NEW YORK ( TheStreet) -- The greatest obstacle to making money in the stock market is boredom and the insatiable desire to find new stocks to invest in, Jim Cramer told the viewers of his "Mad Money" TV show Tuesday. When it comes to the automakers, Cramer said he's not playing that game. He's sticking with Ford ( F).

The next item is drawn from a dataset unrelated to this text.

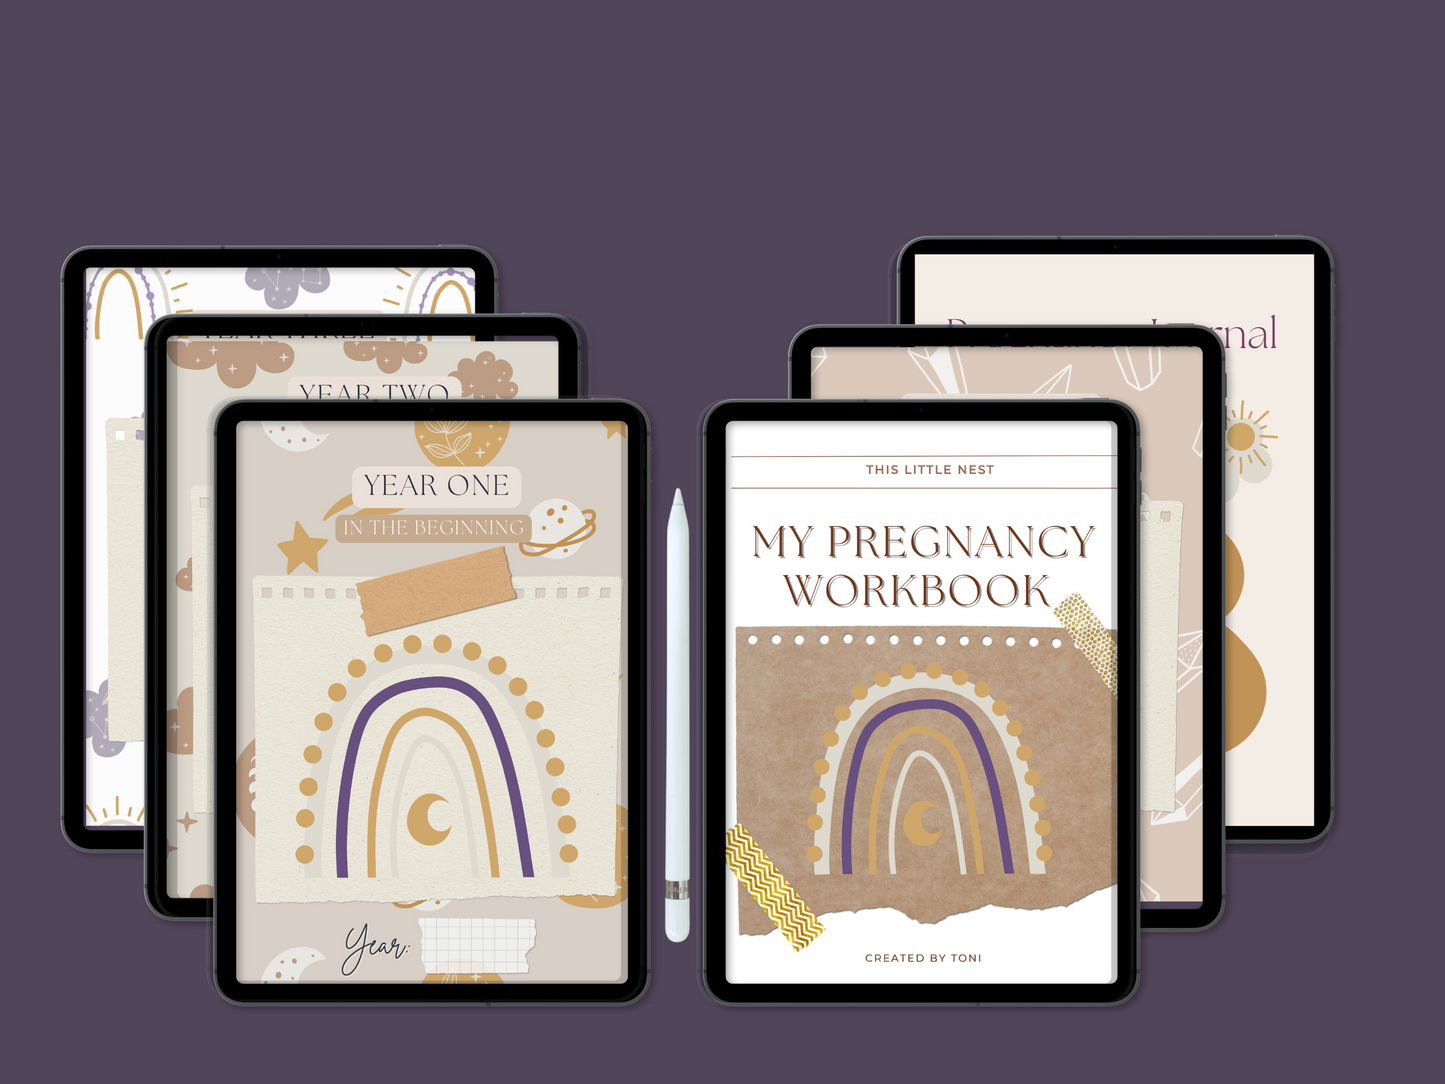 Digital Pregnancy Package, Workbook, Scrapbook, Journal, And More

Strong FundamentalsIn the "Off The Charts" segment, Cramer went head to head with colleague Dan Fitzpatrick over the chart of JDS Uniphase ( JDSU), which is up 387% from its 2008 lows and up 54% since Cramer last recommended it on Nov. 11, 2009. According to Fitzpatrick's analysis, the demand for JDS Uniphase stock has been strong, with the stock showing a strong uptrend of higher highs on strong volume. He pegged the company's support level at $9 a share, adding he'd wait for a pullback before buying in. But Cramer noted that JDS' biggest enemy is its own past, where in 2001, the stock plummeted 99% from a high of almost $1,200 a share, into the single digits. However Cramer said the fundamentals at JDU Uniphase are now strong, as the company has transformed itself into a networking powerhouse once again. The company's test and measurement products saw sales up 23% from the previous quarter, as telcos and cable companies pour billions into upgrading their networks. JDS' communication products division is also seeing strong growth, with sales up 11% from the previous quarter. The company also has its hands into everything from 3D glasses to medical and security products. Cramer said investors need to get into JDS Uniphase. He advised buying half a position right now and the other half on any weakness.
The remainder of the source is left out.